City & Council Local News

Off-highway vehicles soon to be permitted on city roadways

ATV file photo

Off-highway vehicles will be permitted on some roads and must follow specific traffic safety bylaws.

Off-highway vehicles will soon be permitted on roads within the City of Chestermere.

City Council passed the first reading of the Traffic Control Bylaw as amended on May 10, where off-highway vehicles under certain conditions can be used on city roadways. 

“When we looked at this bylaw, research was conducted throughout other municipalities throughout the province,” Chestermere Community Peace Officer Sgt. Trever Bowman said.

A permitted off-highway vehicle is designed to operate off-road and, on a highway, and must be equipped with an operational headlight, taillight, brake light, and muffler. The vehicle must be registered, insured, have a valid license plate, and the driver and passengers must be wearing appropriate safety equipment. 

Off-highway vehicles cannot operate within the city on any portion of recreation area, school or playground, open space, or parkland, developed or landscaped areas, or on private property without permission of the property owner.

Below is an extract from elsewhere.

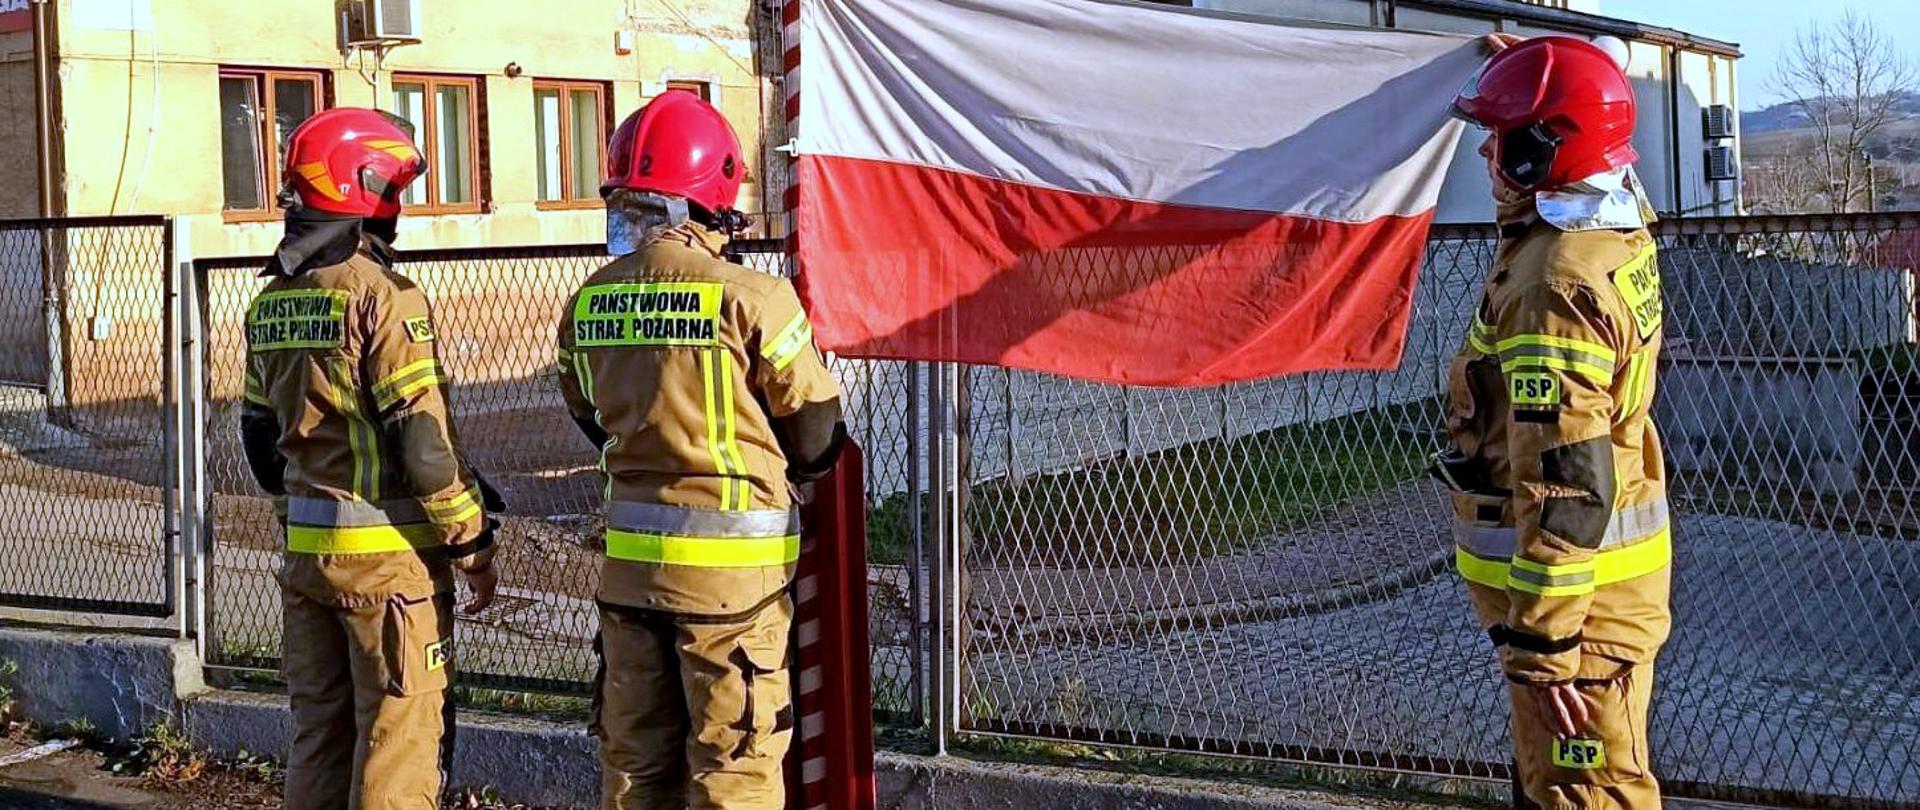 Na zdjęciu widać poczet flagowy wciągający flagę na maszt. Wszyscy strażacy ubrani są w umundurowanie specjalne, a na głowie mają hełmy.

The first proposal of the bylaw indicated that permitted off-highway vehicles may be operated on a highway within Chestermere where the posted speed limit is 40 km/h or less.

“Our concern is the public safety aspect of it, our residents and visitors are not going to be used to seeing off-highway vehicles on our roads. We’re concerned about collisions involving these vehicles, the slower the speed limit they are travelling, injuries are significantly reduced,” Bowman said.

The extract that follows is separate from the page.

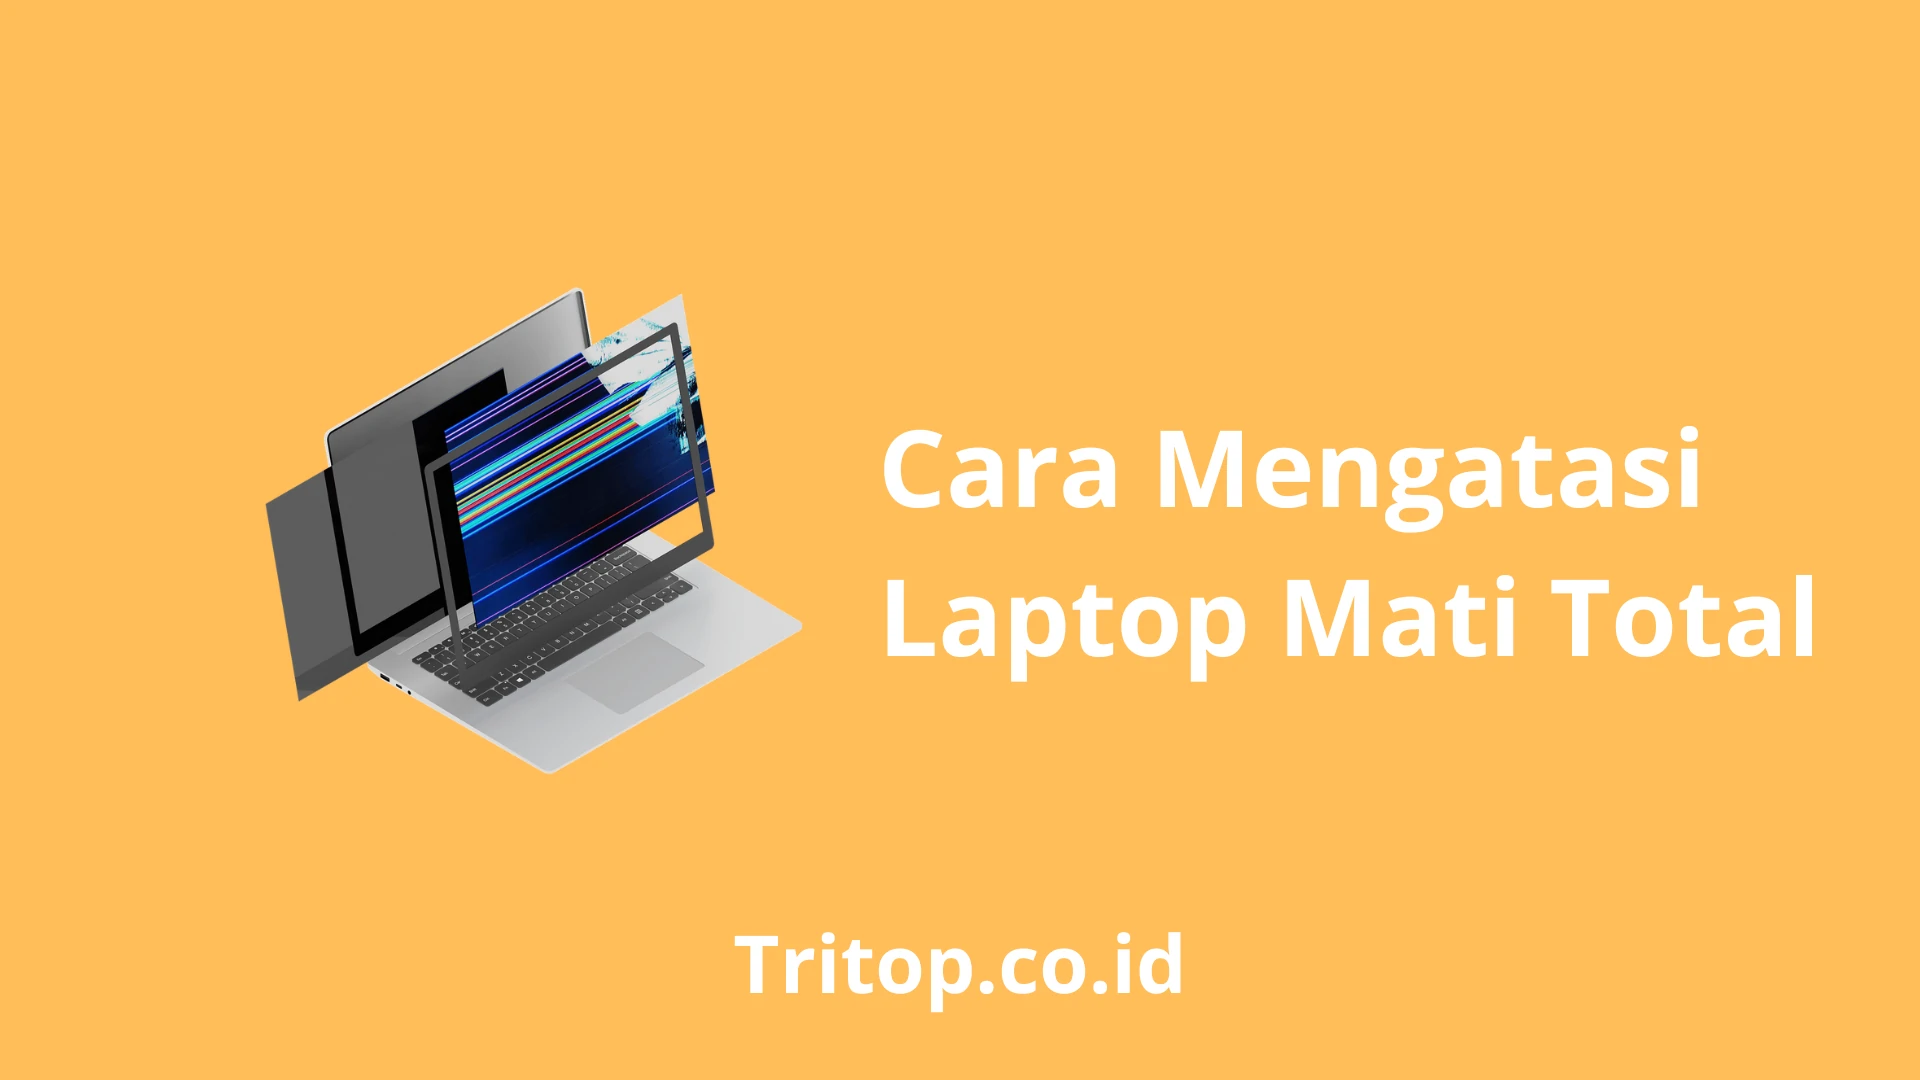 Cara Mengatasi Laptop Mati Total Tritop.co.id

The permitted off-highway vehicles must be riding on the right-hand side of the roadway whenever possible, to not impede with the flow of traffic, obey all traffic control devices, and when travelling in a group, must be single file.

“We’re acting out of caution and prudence on this, these vehicles won’t be highly visible in some cases, and drivers aren’t going to be used to seeing them,” Bowman said.

City Councillor Sandy Johal-Watt expressed concerns that residents won’t be used to seeing off-highway vehicles on Chestermere roadways. 

“Residents not being used to seeing these types of vehicles did cause me concern for the wellbeing of the drivers in a vehicle, and the driver of an off-road vehicle as well,” Johal-Watt said. “I want to make sure we’re prudent in ensuring the safety of our residents is our highest priority.”

Council directed city administration to look into legal for the entire bylaw, look into the speed limit restrictions, the implications of crossing major roads and crossing the bridge, and other roadway traffic in an off-highway vehicle, and legal liabilities.